Оба врача задумались, вопросительно поглядывая друг на друга.
– А может быть, вам самому повидаться с ним, прежде чем принимать решение? – предложил доктор Данже. – Его смерть будет легкой – он просто тихо угаснет.
Не без усилия Дик согласился.
– Хорошо, я пойду к нему.
Номер– люкс, в котором тихо угасал Девре Уоррен, был не меньше, чем у сеньора Пардо-и-Сиудад-Реаль, – в этом отеле много было подобных апартаментов, где одряхлевшие толстосумы, беглецы от правосудия, безработные правители аннексированных княжеств коротали свой век с помощью барбитуровых или опийных препаратов под вечный гул неотвязных, как радио, отголосков былых грехов. Сюда, в этот уголок Европы, стекаются люди не столько из-за его красот, сколько потому, что здесь им не задают нескромных вопросов. Пути страдальцев, направляющихся в горные санатории и на туберкулезные курорты, скрещиваются здесь с путями тех, кто перестал быть persona grata во Франции или в Италии.

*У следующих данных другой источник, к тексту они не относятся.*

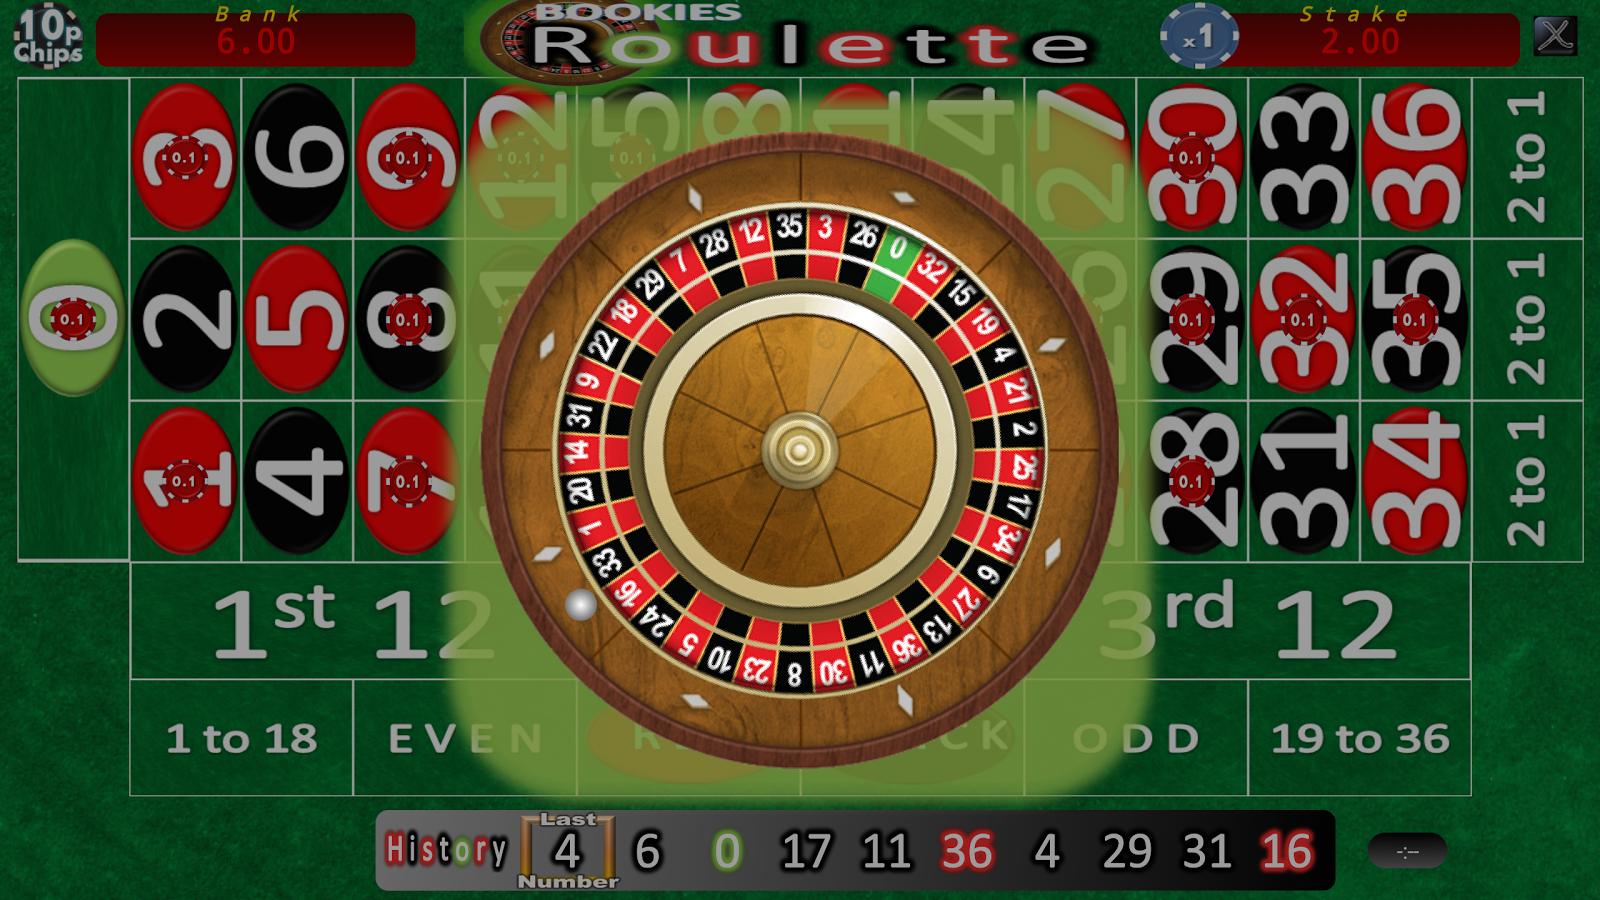 bookies casino

В номере было полутемно. Монахиня с лицом святой хлопотала у постели больного, исхудалыми пальцами перебиравшего четки на белой простыне. Он все еще был красив, и, когда он заговорил после ухода Данже из комнаты, Дик как будто расслышал в его голосе самодовольный рокоток прежних дней.
– Нам многое открывается под конец жизни, доктор Дайвер. Только теперь я понял то, что давно должен был понять.
Дик выжидательно молчал.
– Я был дурным человеком. Вы знаете, как мало у меня прав на то, чтобы еще раз увидеть Николь, – но тот, кто выше нас с вами, учит нас жалеть и прощать. – Четки выскользнули из его слабых рук и скатились с атласного одеяла. Дик поднял их и подал ему. – Если б я мог увидеться с Николь хоть на десять минут, я счастливым отошел бы в лучший мир.
– Это вопрос, который я не могу решить сам, – сказал Дик. – У Николь хрупкое здоровье. – Он все уже решил, но делал вид, будто сомневается. – Я должен посоветоваться со своим коллегой по клинике.
– Ну что ж, доктор, – как ваш коллега скажет, так пусть и будет. Я слишком хорошо понимаю, чем я вам обязан…
Дик торопливо встал.
– Ответ вы получите через доктора Данже.
Вернувшись в свой номер, он попросил соединить его с клиникой на Цугском озере. Телефон долго молчал, наконец на вызов ответила Кэтс – из дому.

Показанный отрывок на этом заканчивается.